Middling knight's moves are dramatically different from those permitted the all-important king's--one measly space at a time in any direction, though not into check, into peril. Burns compared Roosevelt not to a ruler but to the unpredictably eccentric knight, the sole piece that moves in two directions at the same time and with the sanction--again the only piece permitted to do so--in its asymmetrical, staggered way, to leap over other pieces, in all directions, over friend and foe alike, and over white as well as black pieces. 

Here from Burns, comparing FDR with Hitler--
Grounded in the security of doting parents, fixed home, social class, family traditions, Roosevelt could not easily gauge this product [Hitler] of social void and revolutionary turmoil. Hitler had lacked a home, but had found a new home in the Nazi party, in its ideas, and comradeship. Though Hitler knew how to use the carrot as well as the stick, he had become a terrible simplifier. While Roosevelt proceeded with a series of knights' moves, bypassing, overleaping, encircling, Hitler went right for his prey--opposition parties, Nazi dissidents, Jews, small nations.
But as quirkily strategic as knights may be, researching a bit, I learned that they are especially vulnerable to lowly pawns. Here, from something I turned up--
Since knights can easily be chased away by pawn moves, it is often advantageous for knights to be placed in holes [a square that a player cannot hold with his or her own pawn] in the enemy position as outposts--squares where they cannot be attacked by pawns. Such a knight on the fifth rank [there are eight ranks in total] is a strong asset, and one on the sixth may exercise as much power [as the usually much more powerful] rook.

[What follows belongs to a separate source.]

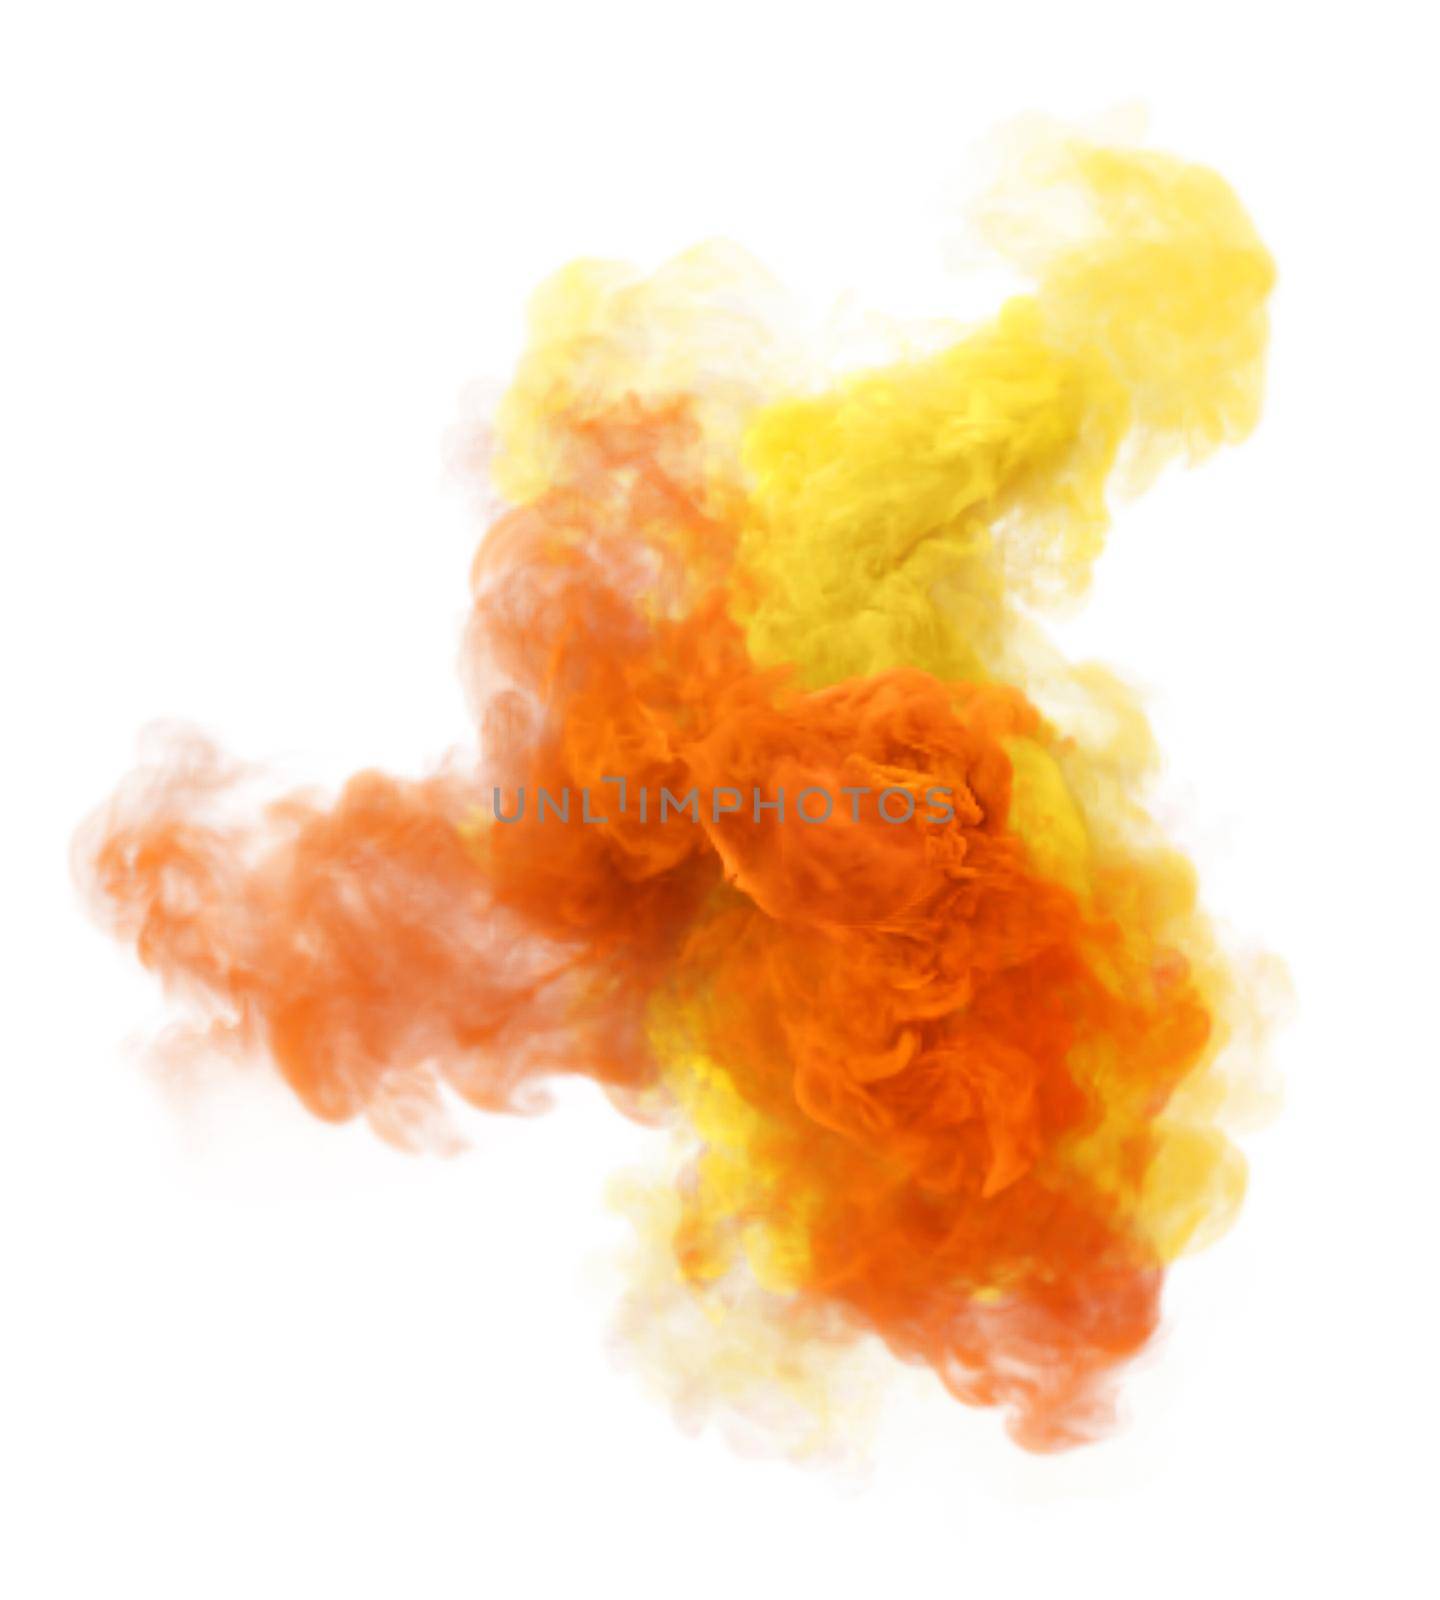 Orange and yellow puff of smoke. Mistery and dangerous fog texture. Duo colors 3D render abstract background for fan festivals and party

A knight at the edge or corner of the board controls fewer squares than one on the board's interior, thus the saying, "A knight on the rim is dim!"
Thinking and acting as a knight served FDR well as he confronted enemies domestic and foreign. For the rest of us just attempting to make it through life while pursuing happiness, thinking and acting more like knights--with their capacity to bypass, leap, and circle--sounds about right.